### Work order
Down to the last line, print the data that follows exactly, without its pictures.

### Recorded data

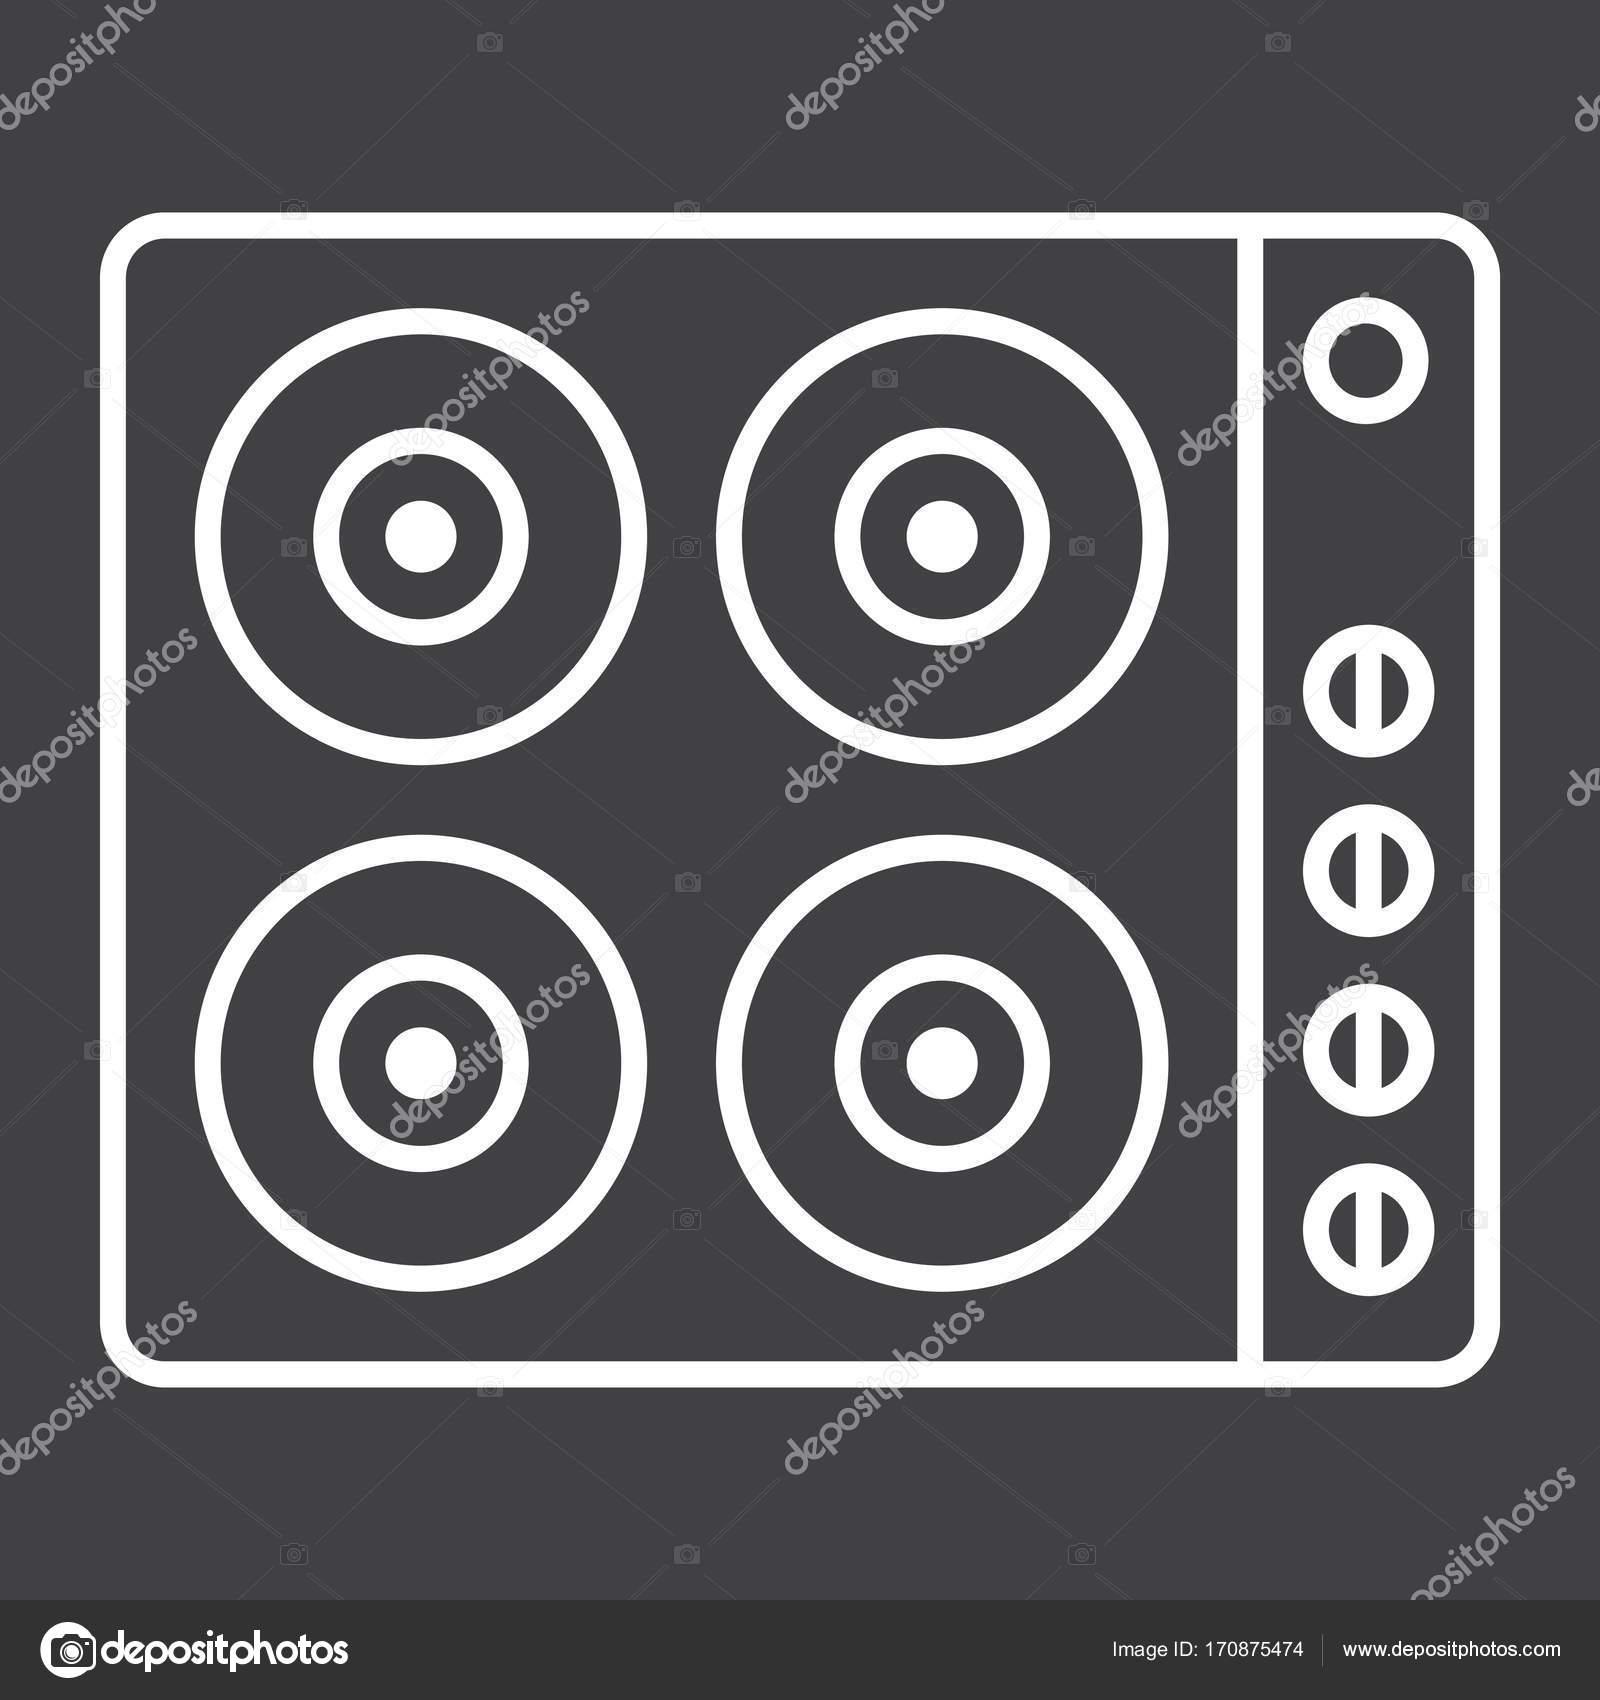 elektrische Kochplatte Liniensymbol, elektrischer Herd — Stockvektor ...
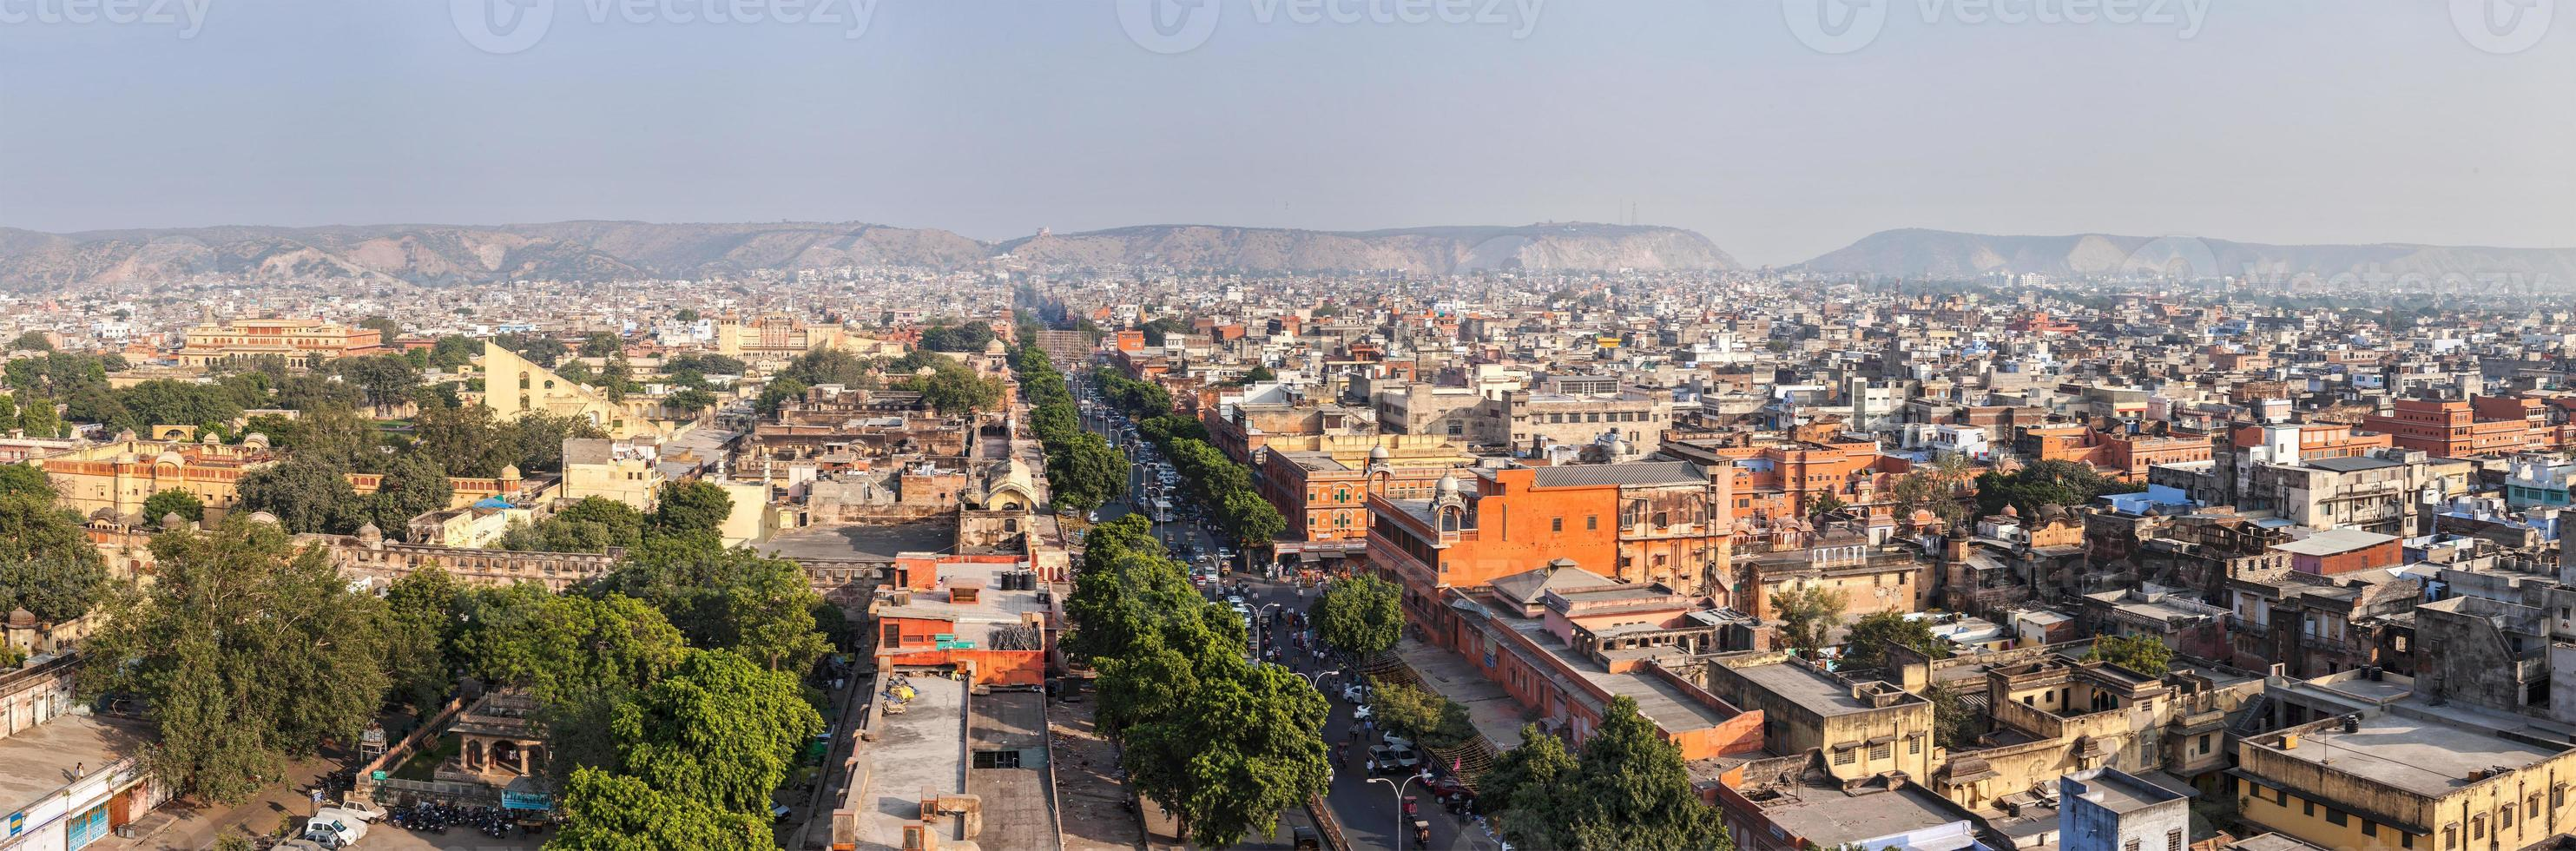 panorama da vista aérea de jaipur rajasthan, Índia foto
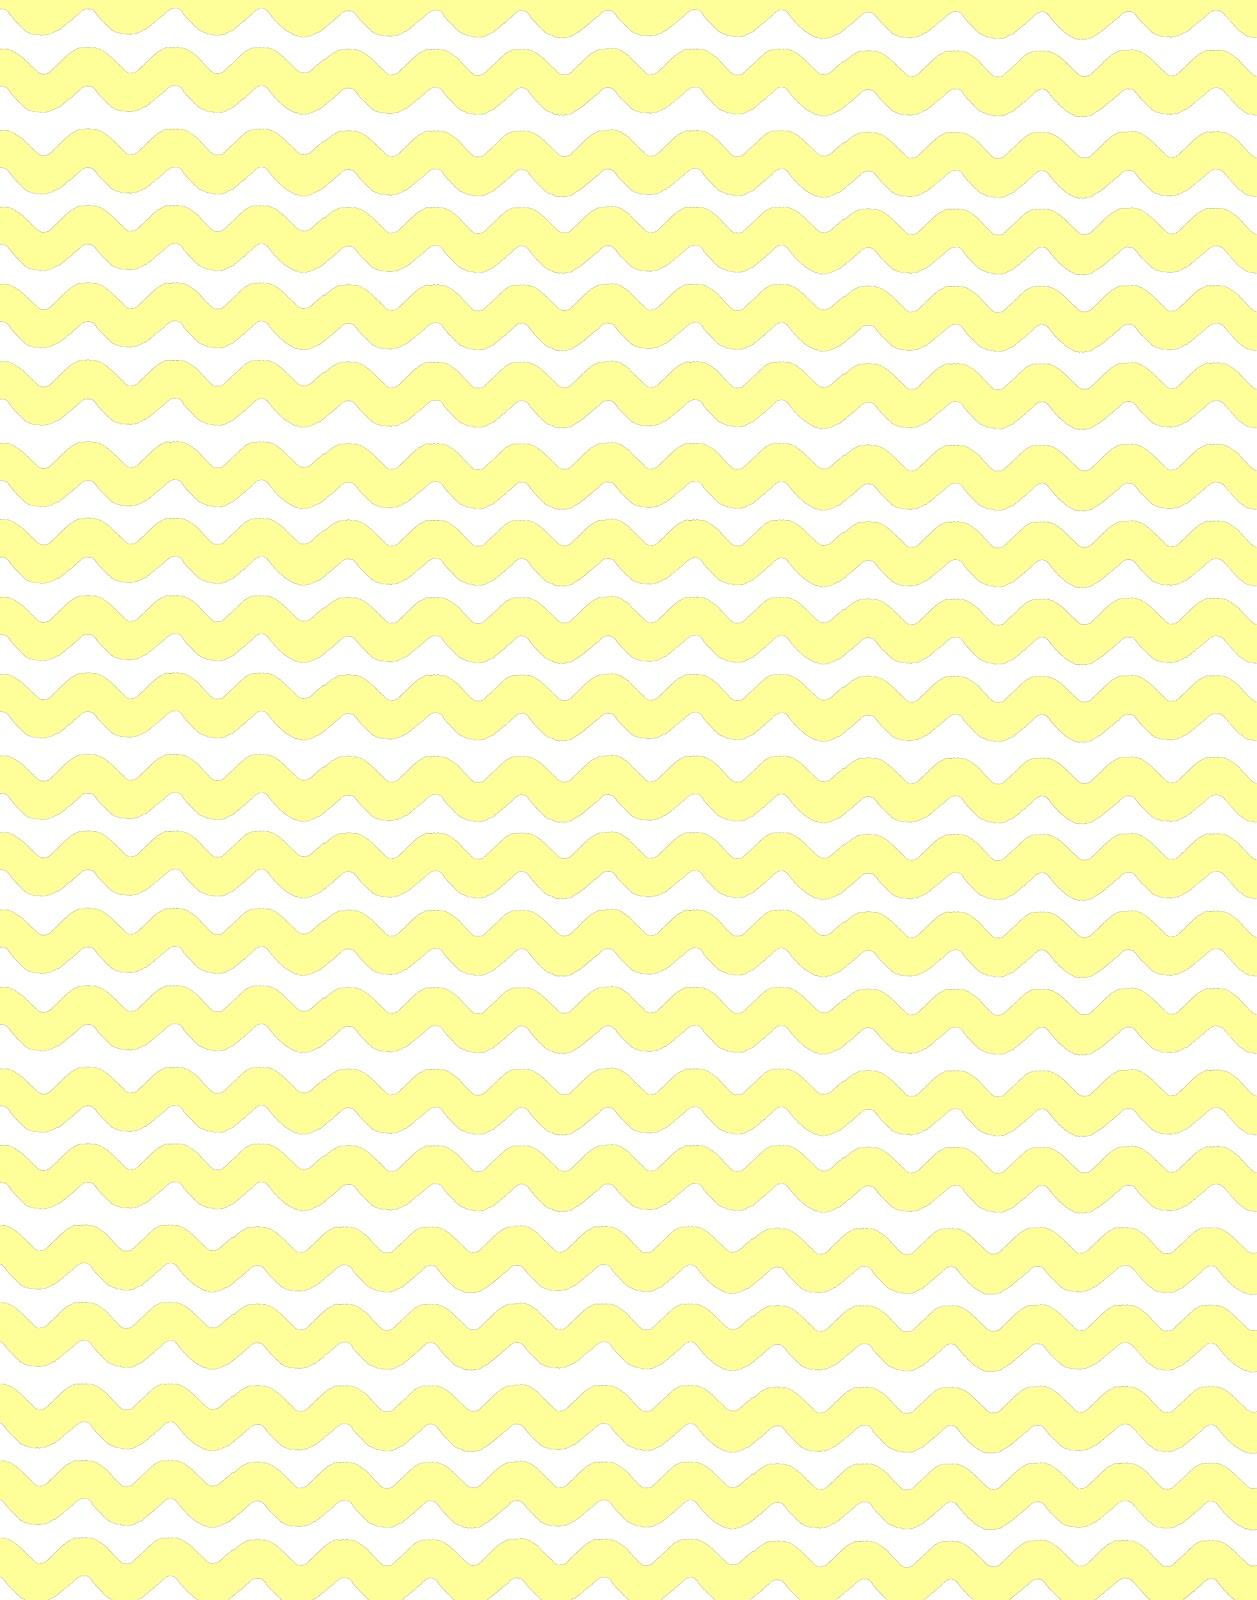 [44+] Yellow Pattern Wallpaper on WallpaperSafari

### Response for this exercise
 elektrische Kochplatte Liniensymbol, elektrischer Herd — Stockvektor ...
 panorama da vista aérea de jaipur rajasthan, Índia foto
 [44+] Yellow Pattern Wallpaper on WallpaperSafari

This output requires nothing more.